Une riposte européenne enfin efficace ?

Si l’idée d’une transparence à la suédoise est utopique à l’échelle européenne (certains pourront encore longtemps manger des barres chocolatées aux frais du contribuable en toute intimité), des outils existent. En 2005, la directive sur l’imposition des revenus de l’épargne a été mise en œuvre. Elle a été renforcée en 2009 par la directive destinée à instaurer un système d’échange automatique d’informations entre les différents États membres pour les produits d’épargne, d’assurance-vie et de créances.

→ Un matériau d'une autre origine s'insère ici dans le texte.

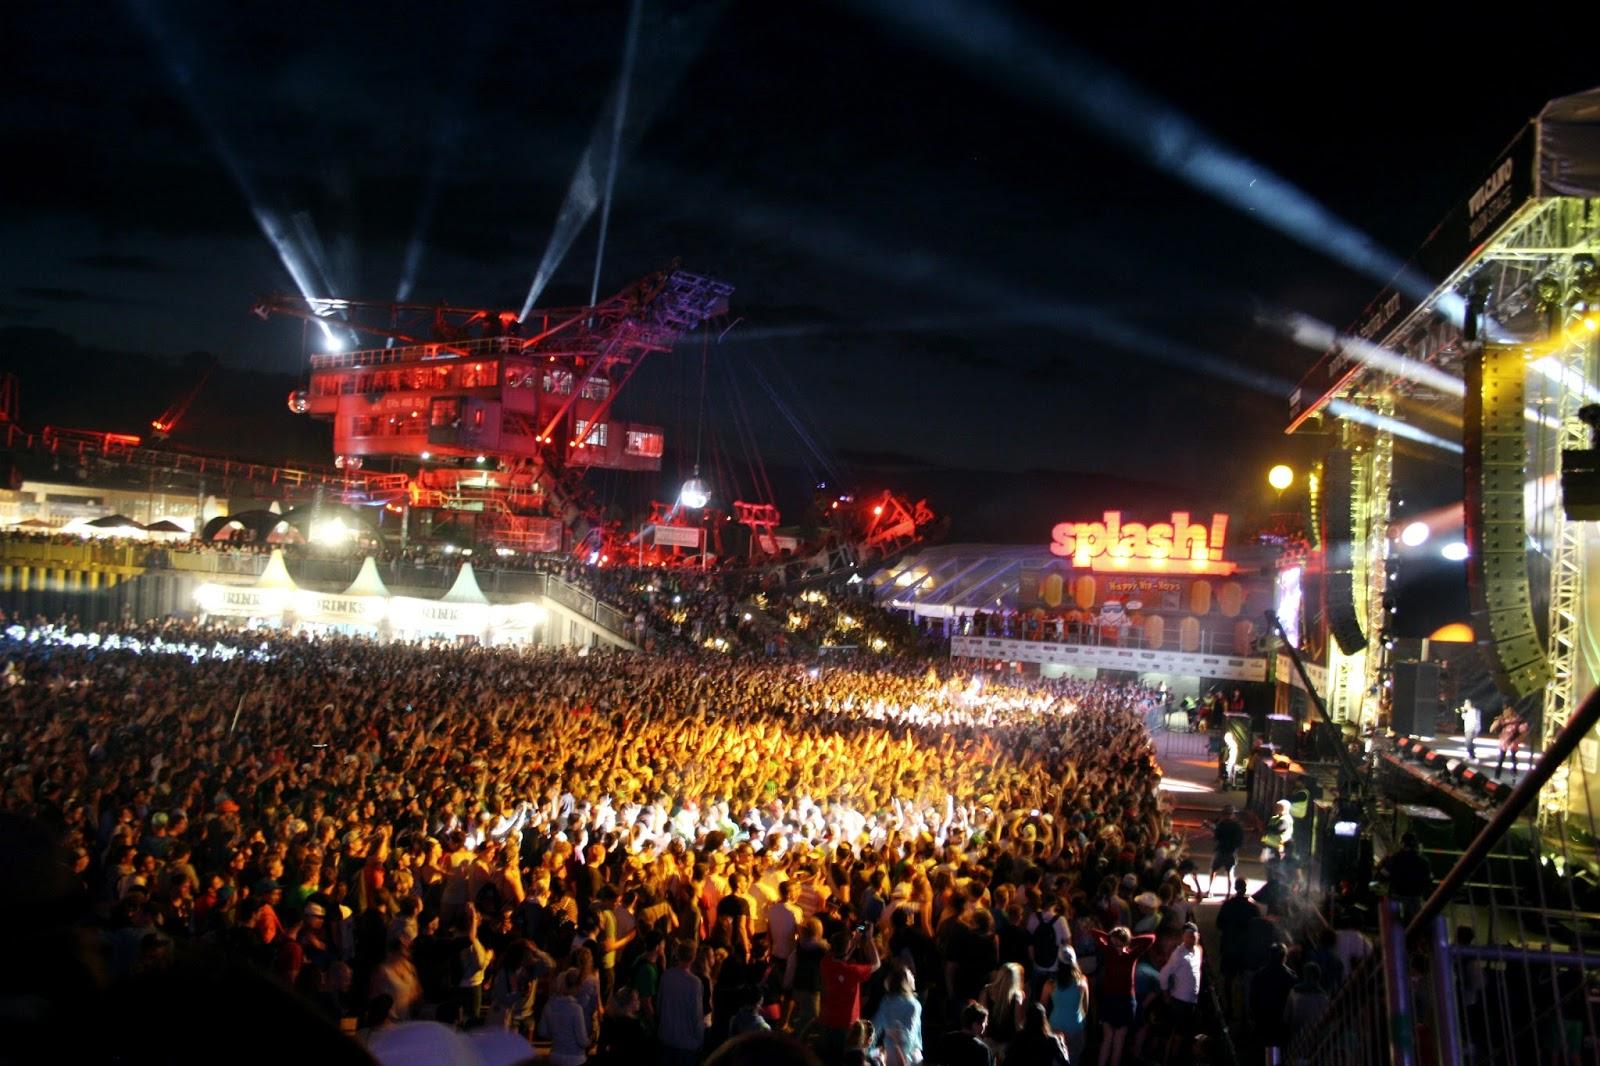 Festival Splash

En janvier 2013, la Commission européenne estimait avoir mis fin au secret bancaire au sein de l’UE grâce à une directive sur la coopération administrative dans le domaine fiscal s’appliquant à l’ensemble des taxes et impôts hors TVA. Les cinq plus grands pays de l’Union européenne s’accrochent à l’adoption d’une législation communautaire équivalente au Foreign Account Tax Compliance Act (FATCA) américain dont l’objectif est de renforcer la lutte contre l’évasion fiscale. La Belgique, les Pays-Bas, la Pologne et la Roumanie ainsi que le Luxembourg se sont ralliés à cette idée mais l’Autriche et l’Irlande freinent des quatre fers. Juncker est sorti du silence et propose un grand ménage européen confiant à Pierre Moscovici, nouveau commissaire européen à l’économie et à la fiscalité l’élaboration de propositions législatives. Pierre Moscovici confiait récemment, remarquer « un vent nouveau » sur ce dossier de la transparence fiscale. Aux gouvernements donc, de déployer leurs voiles.